Aid of $1 million or more would go a long way toward keeping the 27-boat fleet financially afloat, said Frank Iacono, general manager of the Fishermen's Cooperative Assn.

'We Need Help'

"We're an industry that's just trying to survive," Iacono said in an interview last week. "We need help."

But Deputy Mayor Tom Houston has waged a four-month campaign to pursue other plans for the pipeline windfall. Houston said his goal is to have pipeline builders pay for a $2.1-million marine research laboratory at San Pedro's old Cabrillo Museum, a two-story, oceanfront structure that has been largely vacant since the new Cabrillo Museum opened next door at the harbor's west breakwater in 1981.

Houston's plan, designed to aid research into troubled Santa Monica Bay, has drawn support from scientists but opposition from fishermen and a number of Los Angeles officials, including Harbor-area Councilwoman Joan Milke Flores. Critics of the plan have accused Houston of selling out the fishing industry to further Bradley's slowly accelerating gubernatorial campaign.

Bradley, who has made recent gains in statewide political polls, has drawn repeated attacks from Gov. George Deukmejian for allowing Santa Monica Bay to become so heavily polluted. One city official, who asked not to be named, said plans for the research facility are a way to answer that criticism.

"Tom Houston is trying very earnestly, honestly and forthrightly to say Tom Bradley is doing something about . . . Santa Monica Bay," the official said. Houston, who said he has heard that charge, angrily denounced it.

'Irresponsible Charge'

"It's an irresponsible charge . . . irresponsible and cynical," he said in an interview. "It's totally ridiculous, and I resent the hell out of it."

The issue is expected to be resolved by early October, after Douglas completes a series of talks with Los Angeles officials, pipeline builders and representatives of state agencies such as the Department of Fish and Game, according to Suzanne Rogalin, an analyst for the Coastal Commission.

"We're seriously weighing all the options before us," Rogalin said.

The fight has unsettled relations between the mayor's office and San Pedro's Fishing Industry Task Force, a group established earlier this year to identify commercial fishing problems and to look for solutions.

The task force, coordinated through Bradley's Economic Development Office, has given top priority to construction of the $1-million fish unloading station, to be built next to the fleet's docking area at Berth 73, according to Brad Crowe, who directs the office.
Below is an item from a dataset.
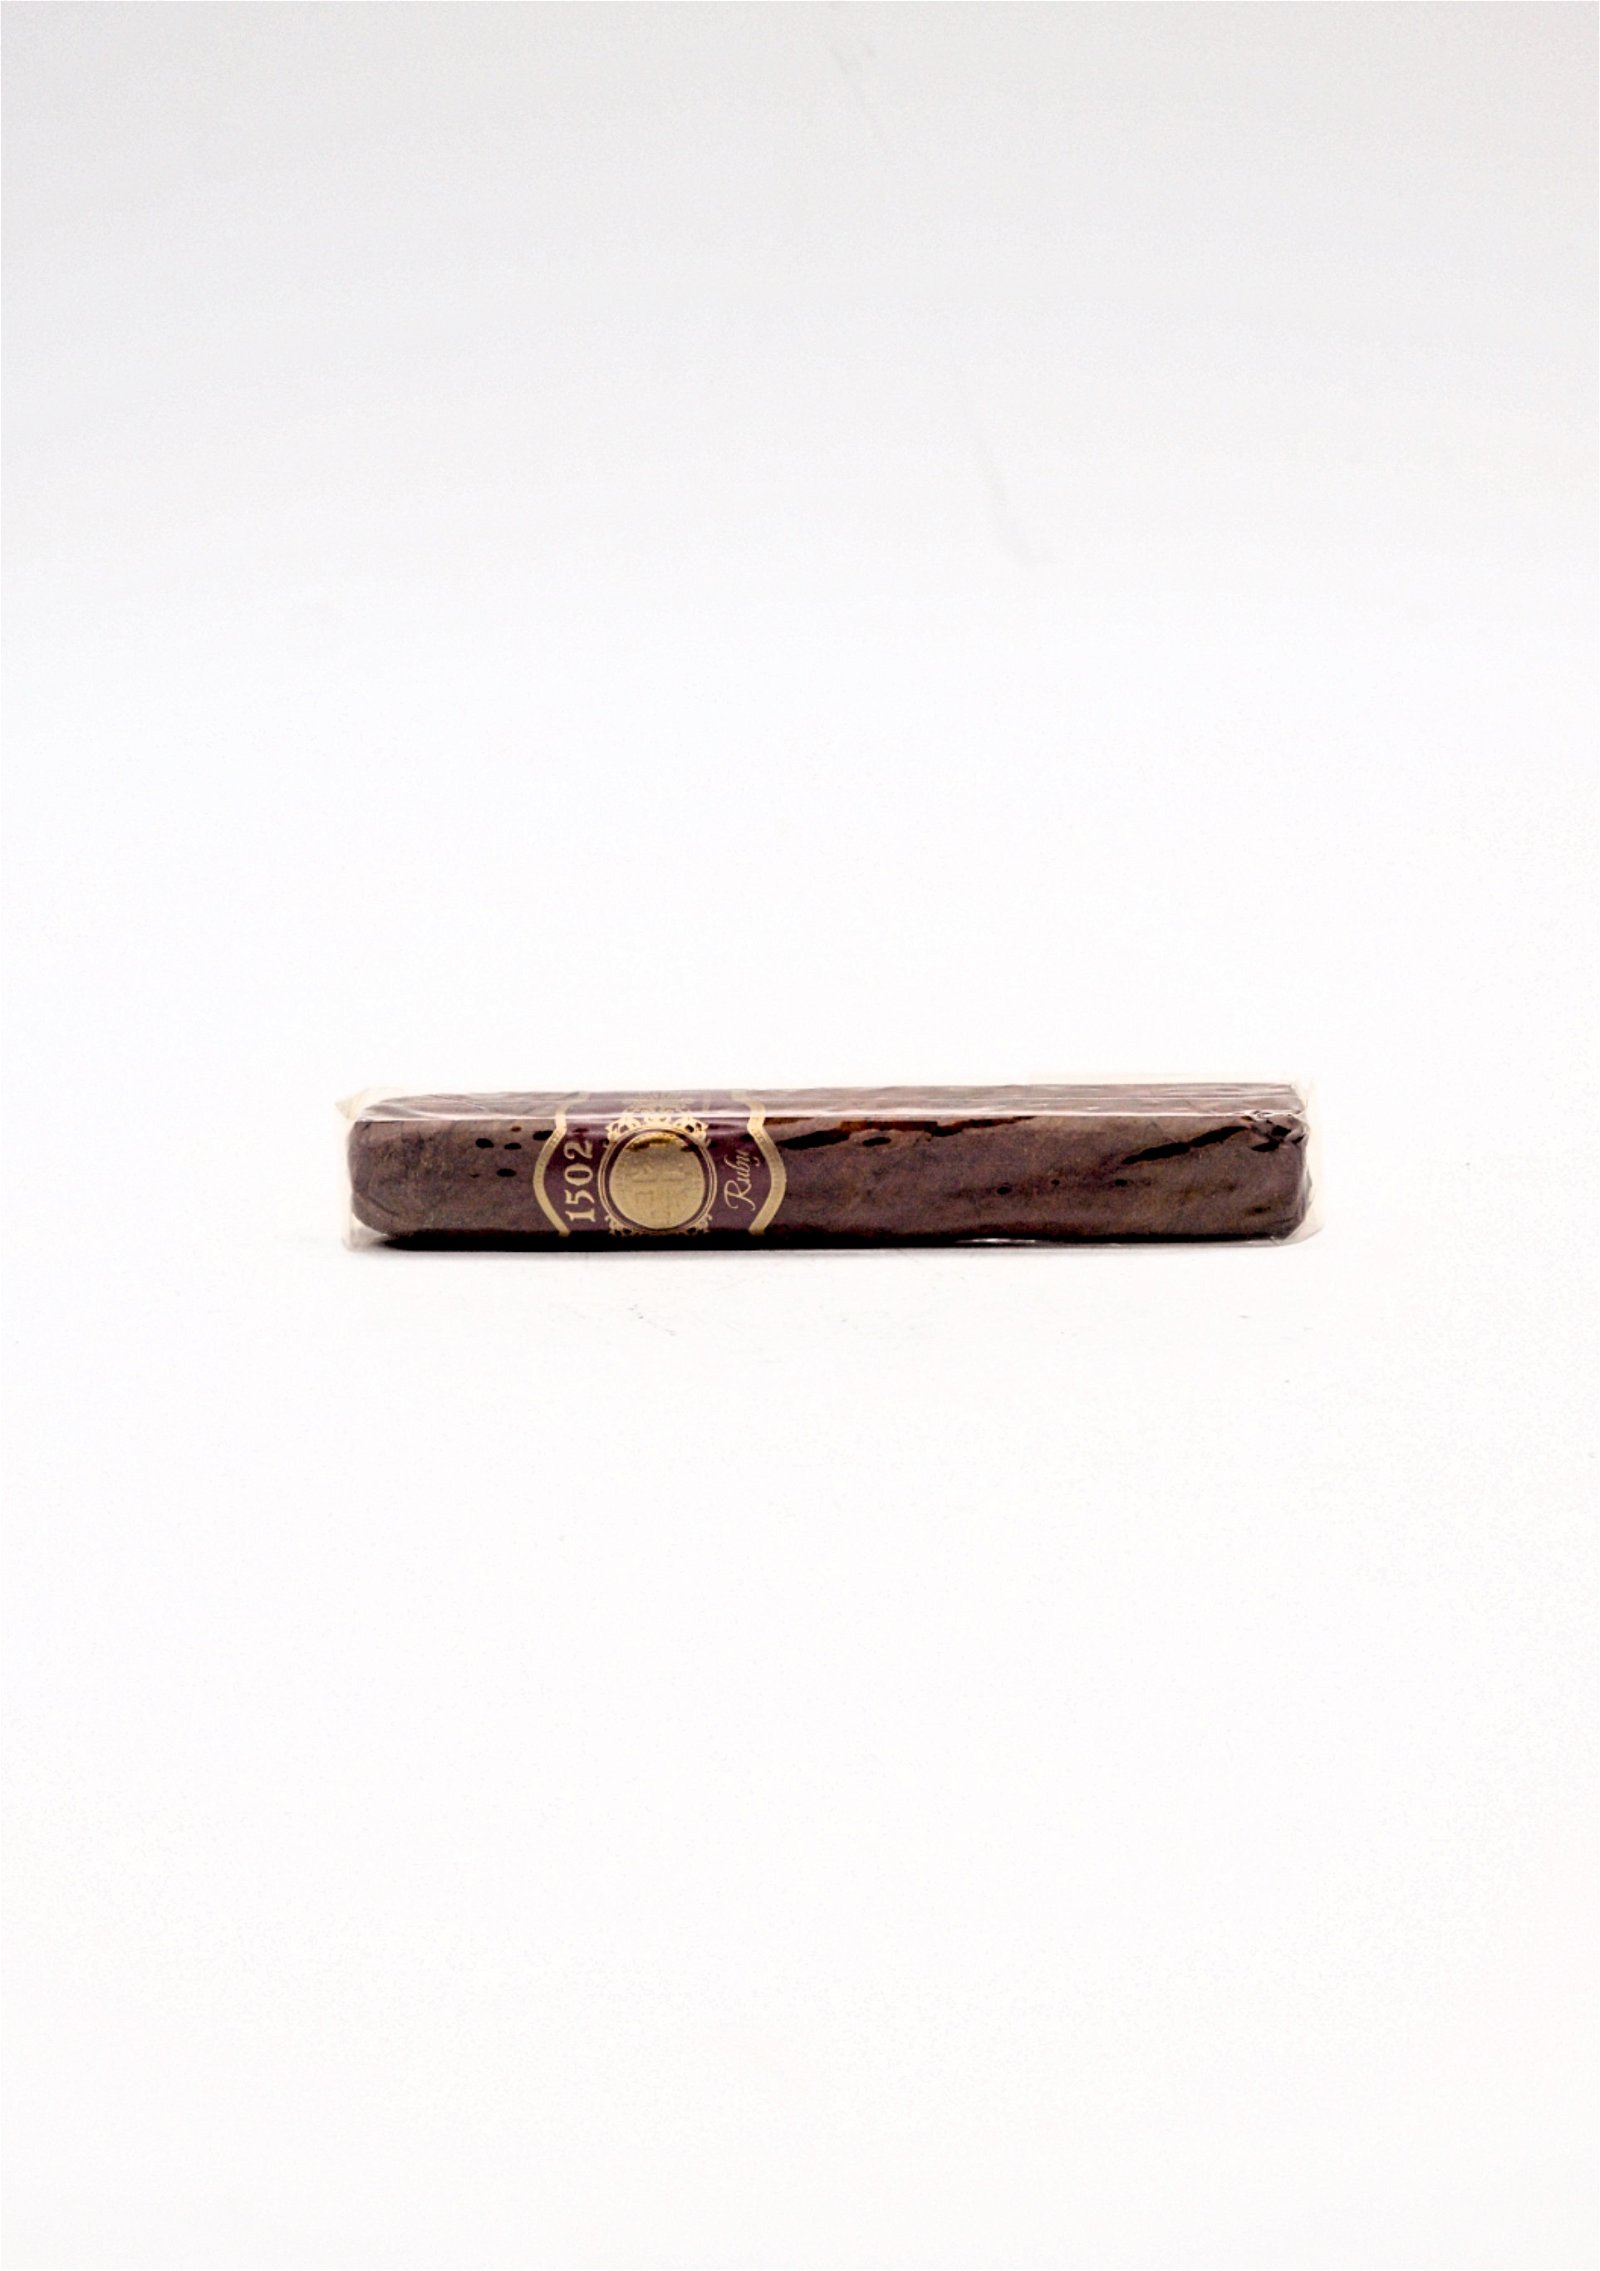 1502 Cigars Ruby Robusto
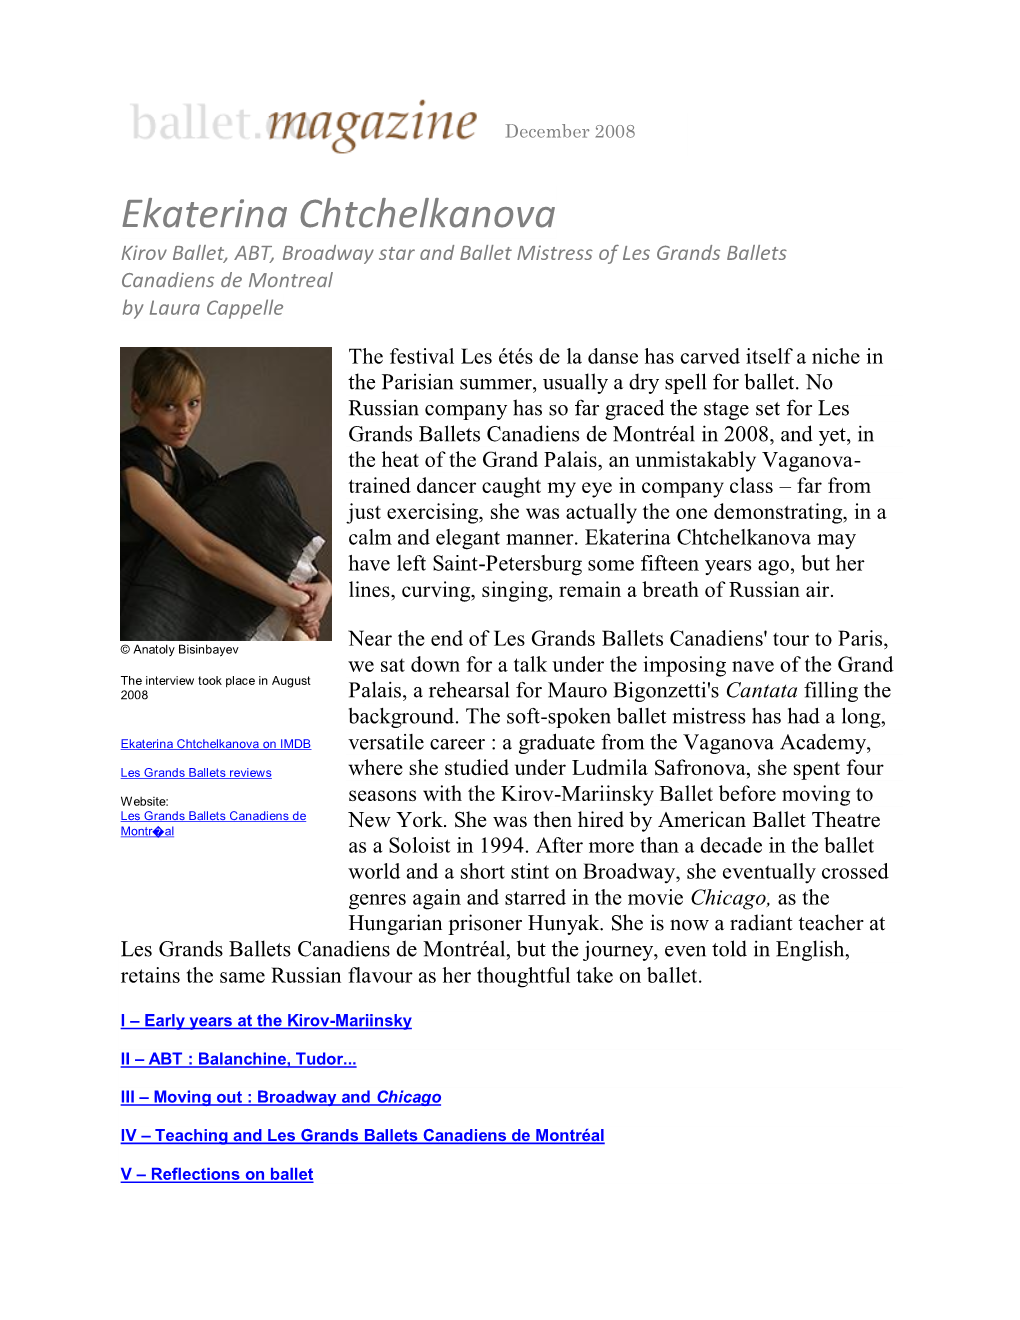 Ekaterina Chtchelkanova Kirov Ballet, ABT, Broadway Star and Ballet Mistress of Les Grands Ballets Canadiens De Montreal by Laura Cappelle

In recent months, Crowe said, his office has tentatively lined up a federal assistance grant that could pay for that project.

The grant could come through later this fall, Crowe said.

But fishermen have no guarantee the money will be coming, Iacono said. In addition, he said, fishermen have other problems that the task force has ranked far above a marine research facility.

Insurance Problem

"We're having an awfully big problem with insurance," Iacono said. "At one time we were paying $700 per man for personal-injury insurance. Now some of these boats are paying $5,000 to $10,000 per man . . . per year. . . . So a lot of our boats are fishing without insurance."

Fishermen would like to see a pool of money set aside for self-insurance, he said. If fishermen could set aside $500,000 or $1 million to cover possible claims, insurance companies might be willing to pick up a portion of the necessary coverage at reduced rates, he said.